AVAILABLE DATA =
------------------------------------

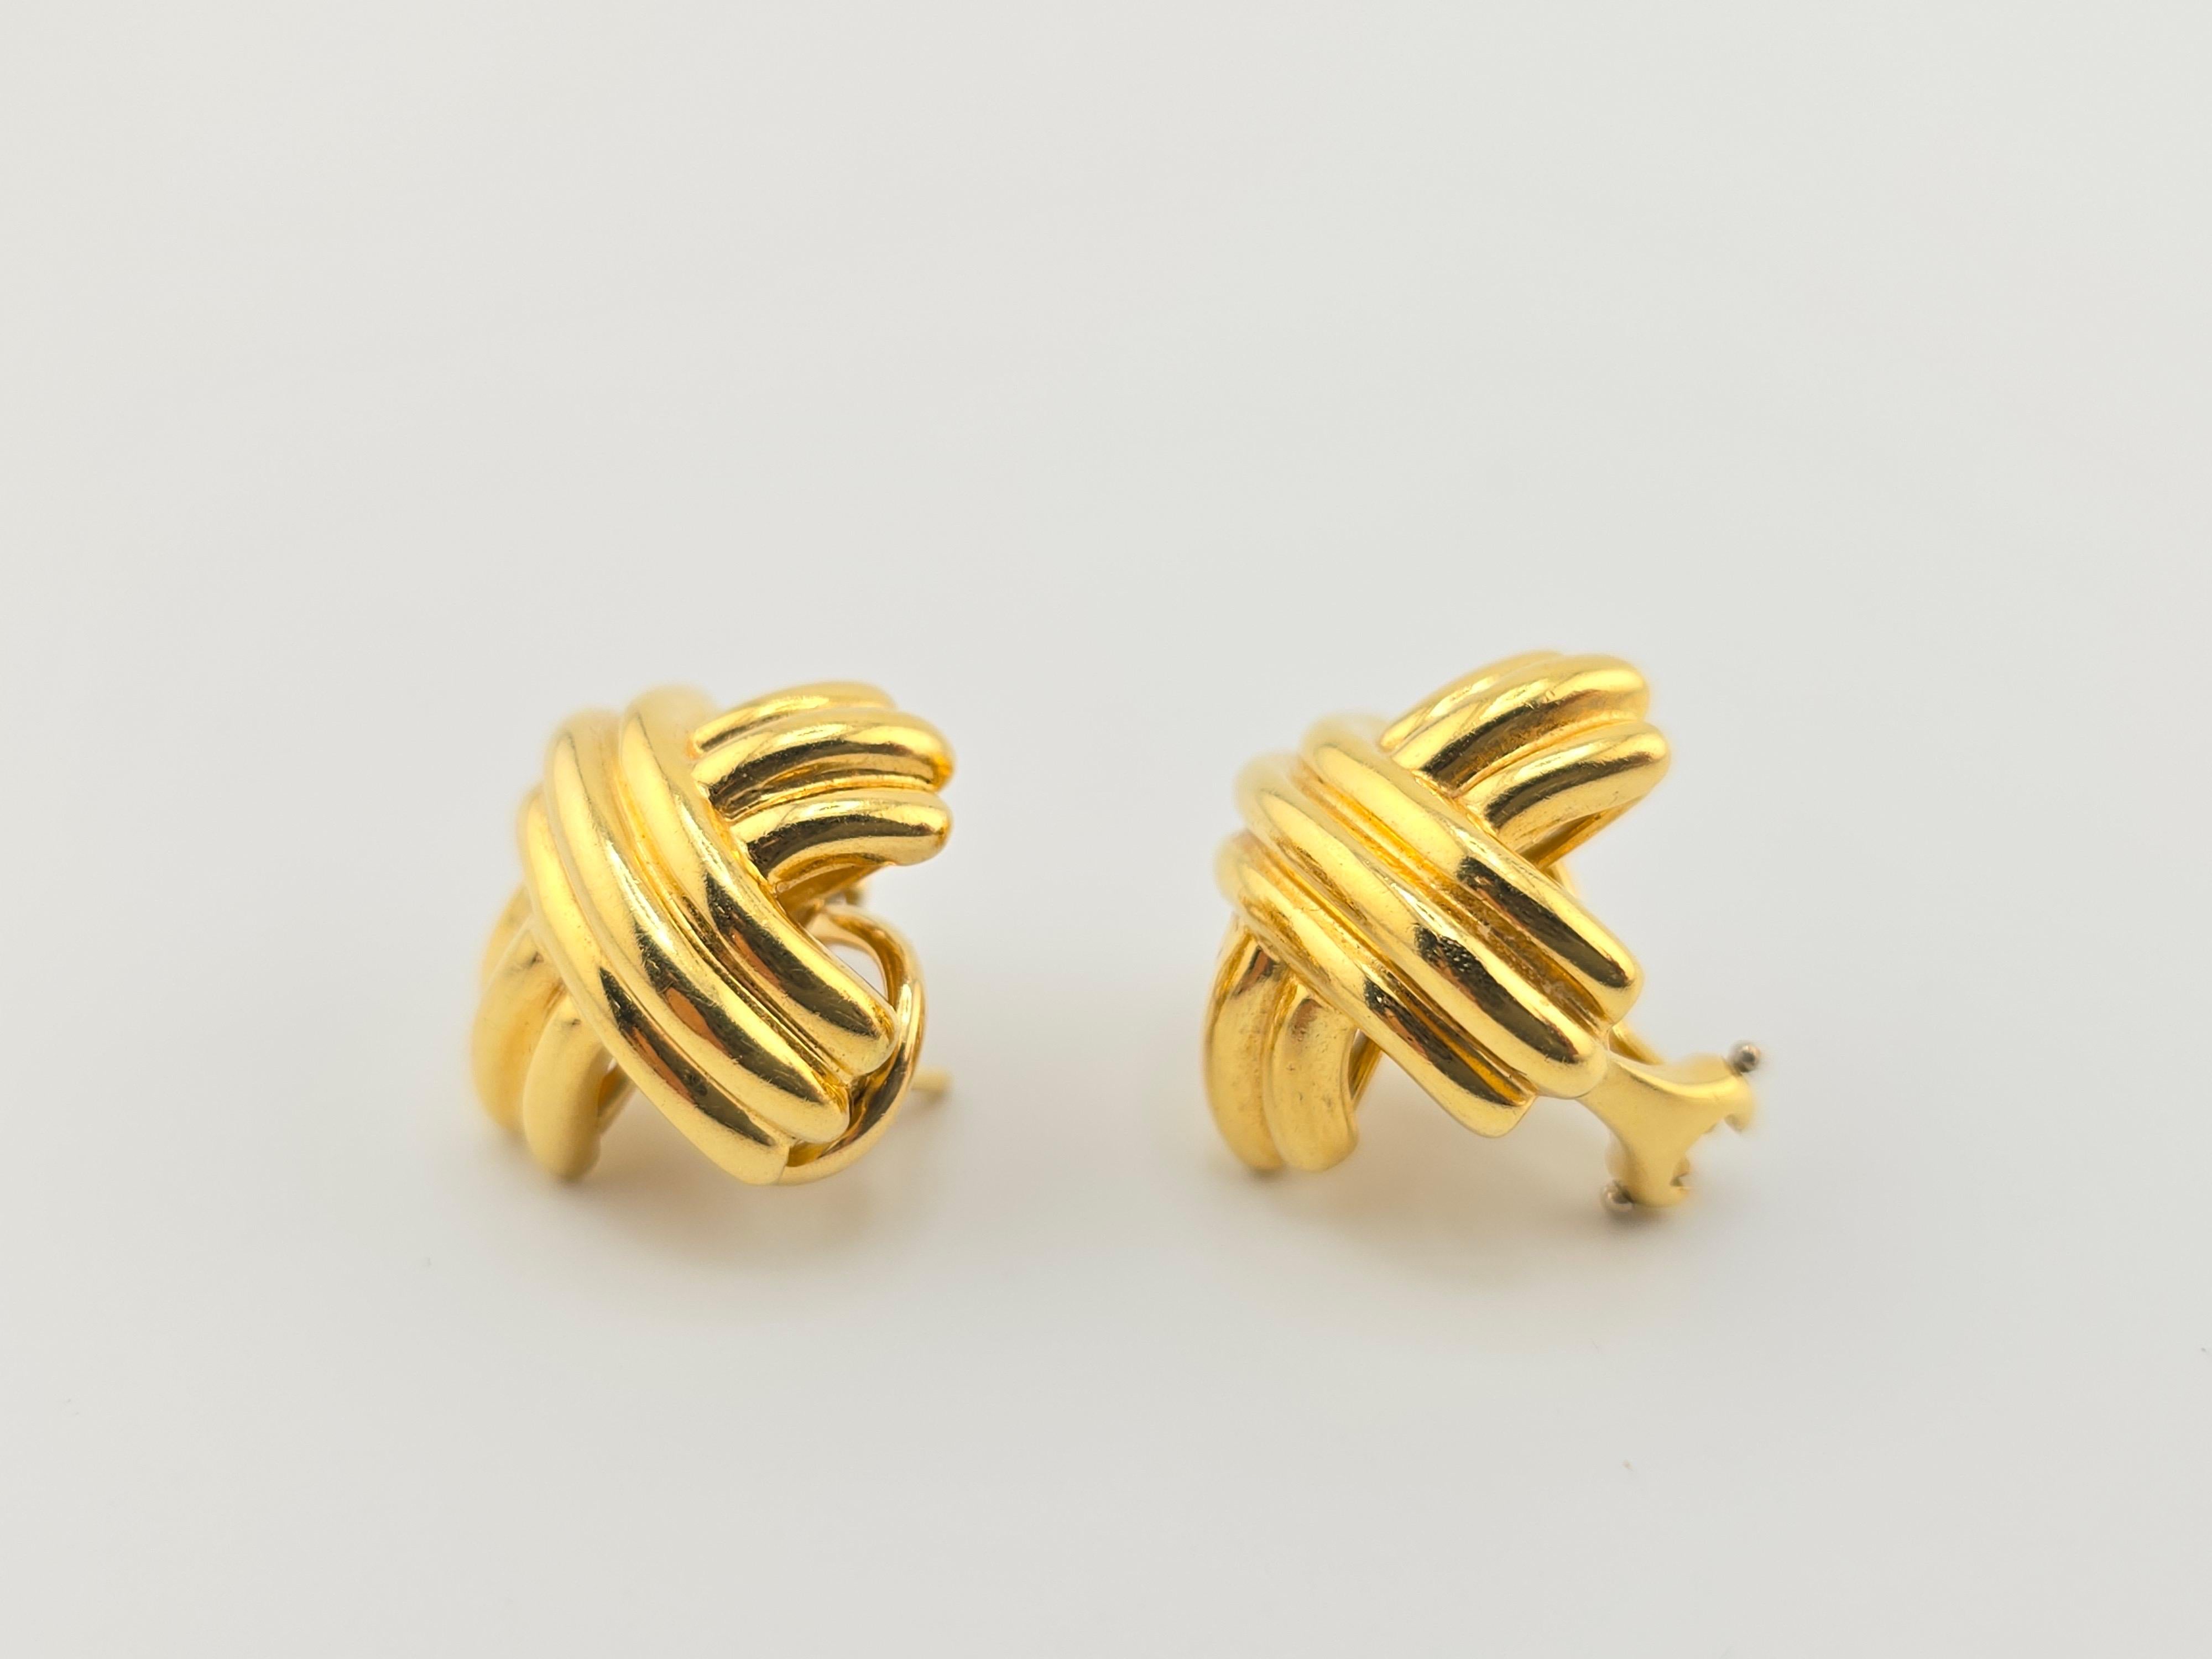 Voici une magnifique paire de boucles d'oreilles Tiffany & Co. en or jaune 18 carats. Les boucles d'oreilles sont en excellent état et prêtes à l'emploi. Chaque pièce est poinçonnée par Tiffany & Co 18 carats. La taille de chaque boucle d'oreille
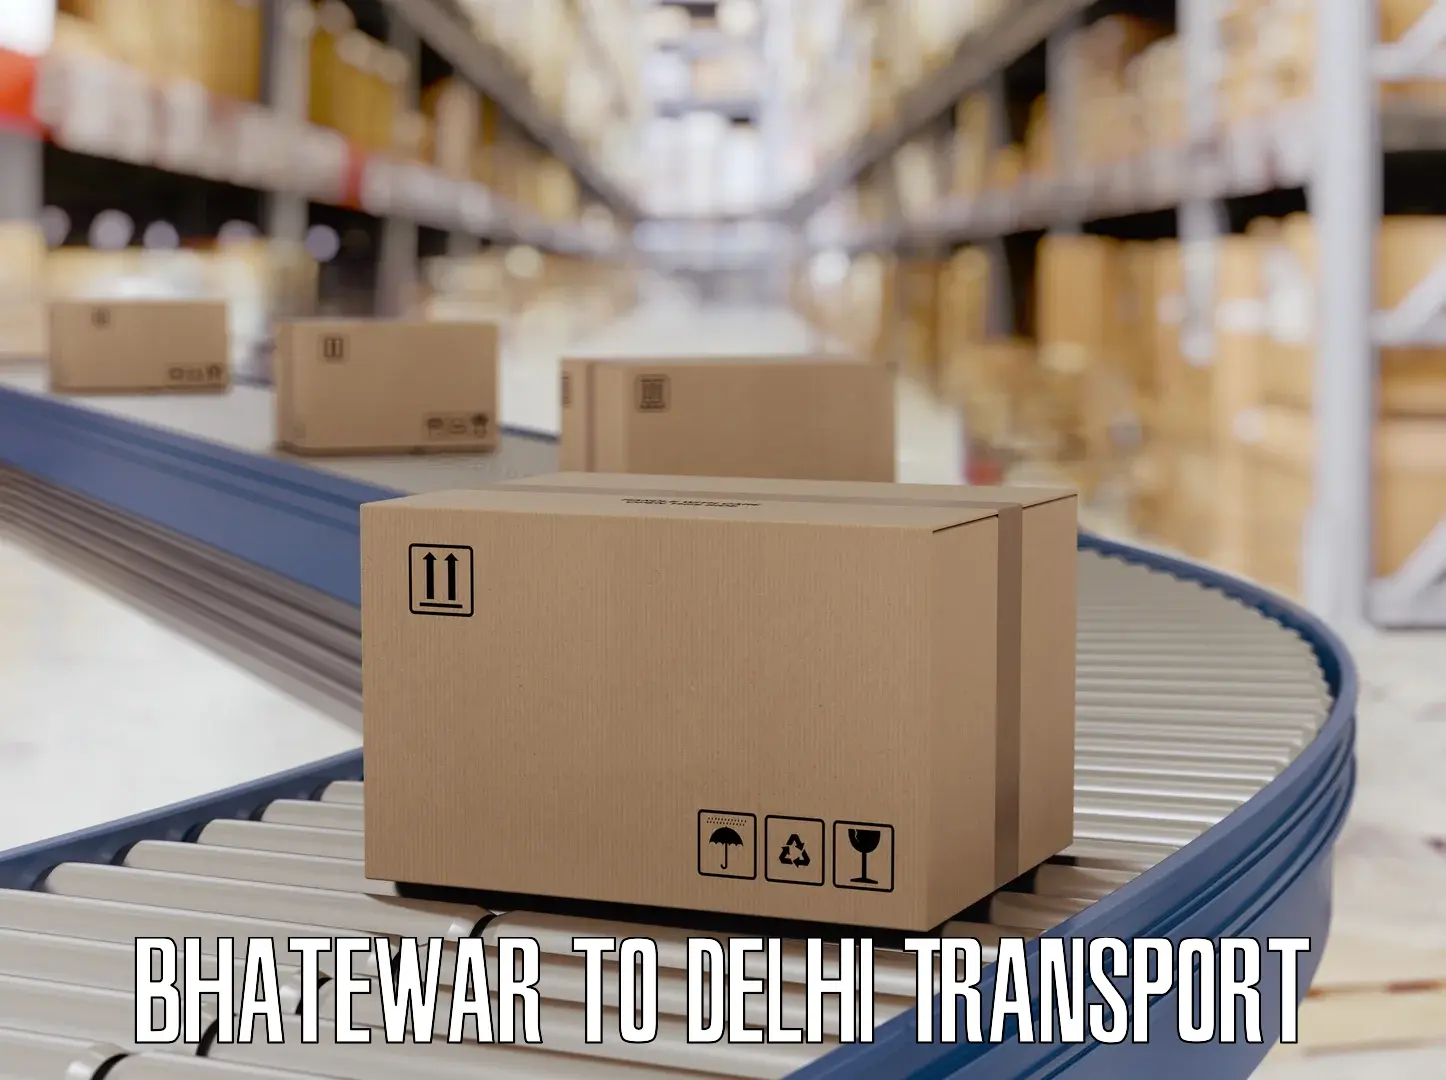 Two wheeler parcel service Bhatewar to Delhi
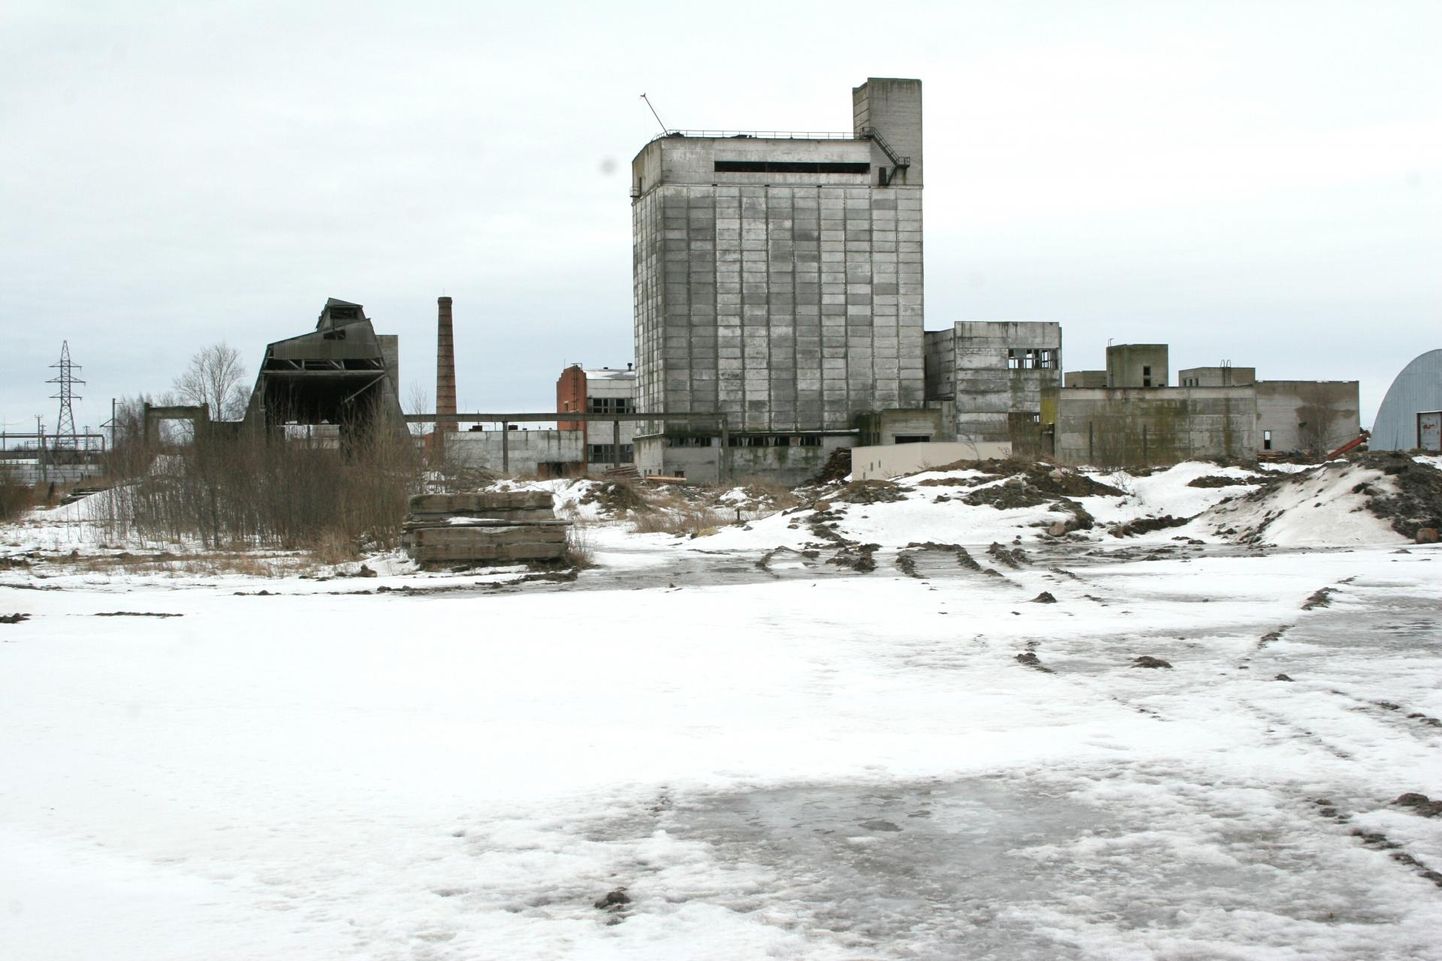 Sotsialistliku põllumajanduse suurtootmise kunagine lipulaev Pärnu majanditevaheline seafarm jaanuaris 2006.

------------------------------------

EXERCISE OBJECTIVE = Make an exact copy of the data above, pictures excluded.

SOLUTION TO THE EXERCISE =
 Voici une magnifique paire de boucles d'oreilles Tiffany & Co. en or jaune 18 carats. Les boucles d'oreilles sont en excellent état et prêtes à l'emploi. Chaque pièce est poinçonnée par Tiffany & Co 18 carats. La taille de chaque boucle d'oreille
 Two wheeler parcel service Bhatewar to Delhi
 Sotsialistliku põllumajanduse suurtootmise kunagine lipulaev Pärnu majanditevaheline seafarm jaanuaris 2006.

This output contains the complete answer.